An extended, very long time in the past, geese didn’t migrate south within the autumn, however remained within the land of the north all through the winter. Eventually one goose had a dream of the southland, that the winter there was delicate. She practiced all summer season and made her wings robust so within the autumn she might fly south to the land she had seen in her dream. The imaginative and prescient guided her on her journey and she or he lived nicely through the winter. After the primary thunder within the spring, she flew again north. It was on this method that geese discovered to fly south within the autumn to flee the storms and chilly of winter. — Teton-Dakota legend, as advised in Paul Johnsgard’s Tune of the North Wind
A hush has fallen over the land. Our respiration is the one sound. On this chilly snap of an early March daybreak, even exhaled air is shortly stilled, flash-frozen into ice crystals. Snowflakes drift throughout farm fields that stretch throughout the 6,000-acre Center Creek Wildlife Administration Space on the border of Pennsylvania’s Lebanon and Lancaster counties, positioned within the southeastern a part of the Keystone State.

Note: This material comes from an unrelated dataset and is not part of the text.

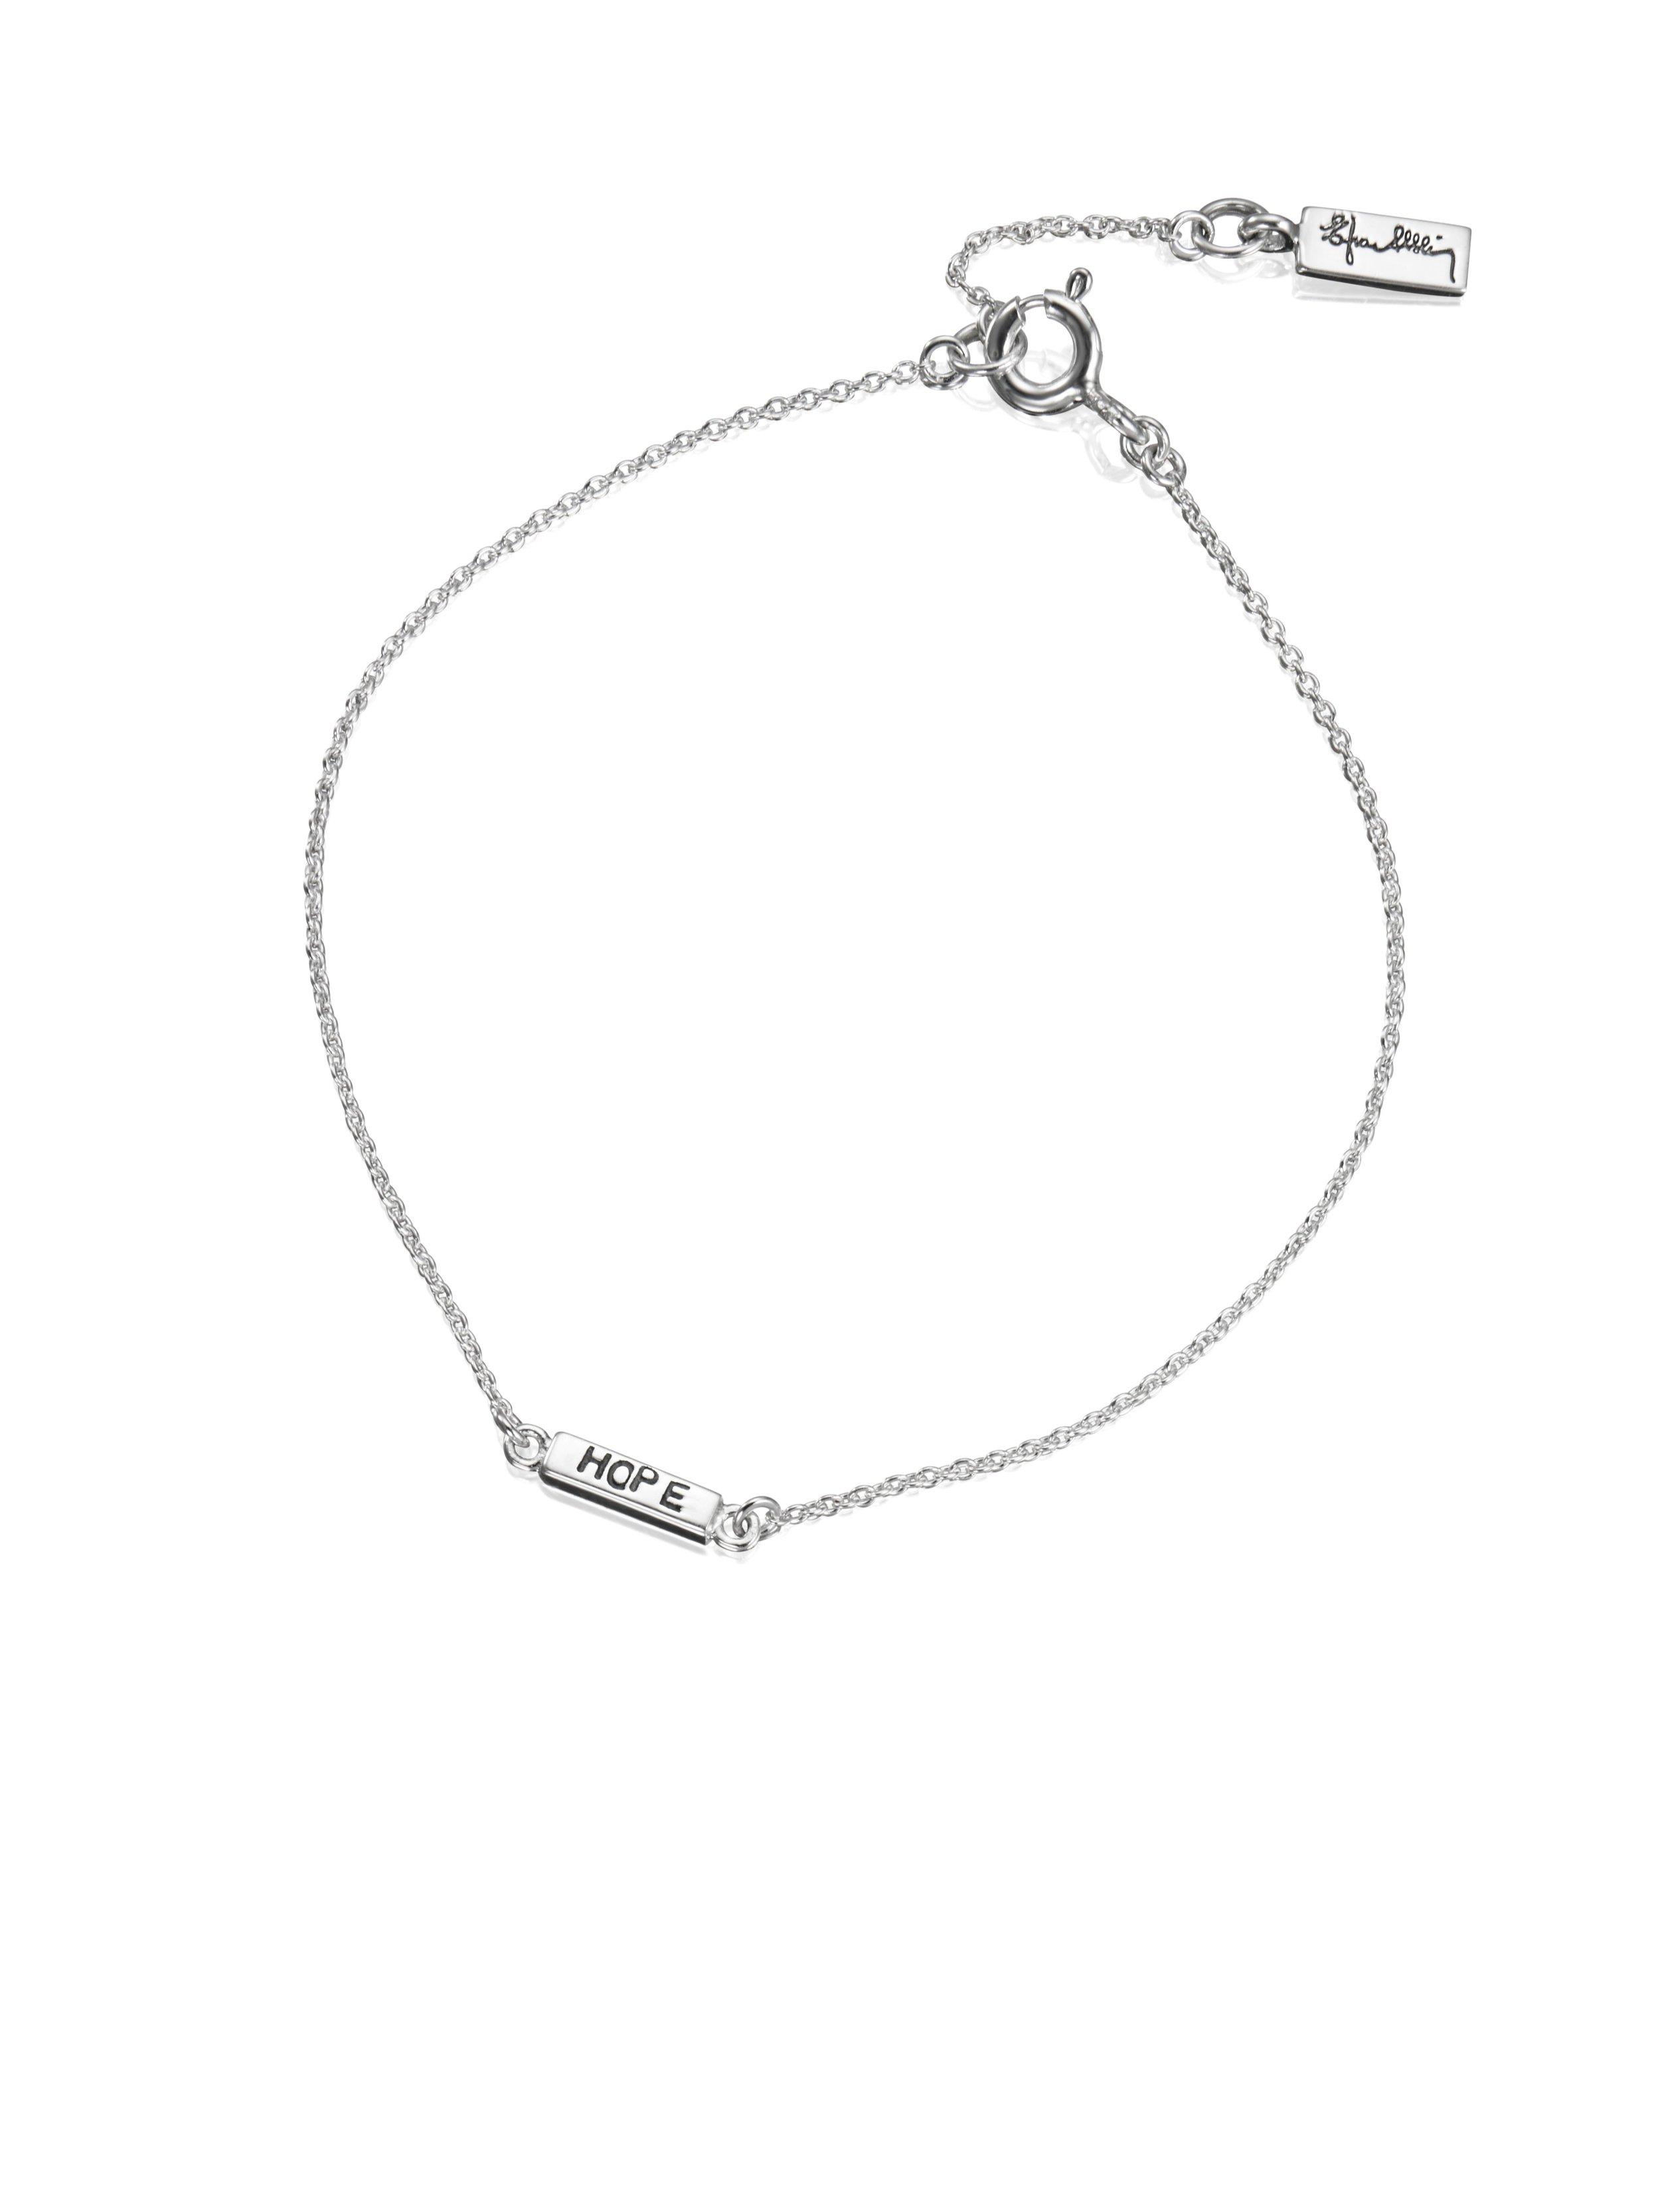 Mini Me Hope Bracelet 14-100-01279(2).jpg

Immediately, the world springs to life. Greater than 100,000 Snow Geese, a blizzard of birds, take flight from Center Creek’s 360-acre central lake, its waters tinged pink within the gentle of dawn. The geese are joined by 4,500 Tundra Swans. They meld into an enormous flock, the beating of their wings practically deafening. Guests to Willow Level, maybe the very best place at Center Creek to see the birds, are engulfed in clouds of snow-white wings.
Ultimately, the birds will go away for the far north by way of the Atlantic Flyway. For now, they reside right here, a Globally Important Essential Fowl Space that was so designated for its giant proportion of the world’s inhabitants of Snow Geese and Tundra Swans. In summer season, they breed within the Arctic. As fall arrives, they head south earlier than the primary snowstorm, to accept the winter on ice-free Mid-Atlantic coastal waters. On the way in which again in early spring, Center Creek is a significant resting website for the geese and swans.
The date on which Center Creek’s geese attain peak numbers every year depends upon a number of components, in keeping with biologists on the Pennsylvania Sport Fee, which manages the realm. The principle lake must be principally ice-free so the birds can discover secure haven. The geese additionally require snow-free fields at and round Center Creek for feeding. Mid-February to mid-March is when goose numbers are normally highest, but when the lake doesn’t freeze or main snows don’t cowl the fields, the birds can arrive as early as January. In late January this 12 months, as much as 79,000 Snow Geese and 1,950 Tundra Swans had been tallied. (Geese take refuge at Center Creek as nicely; the commonest species are Mallard, American Black Duck, and Gadwall.)
In 2022, Center Creek staffers had counted solely 2,400 Snow Geese and 240 Tundra Swans on February 1. The numbers peaked just a few weeks later; on February 25, the refuge reported 105,000 Snow Geese and on February 28, 4,500 Tundra Swans. By March 11, most had moved on.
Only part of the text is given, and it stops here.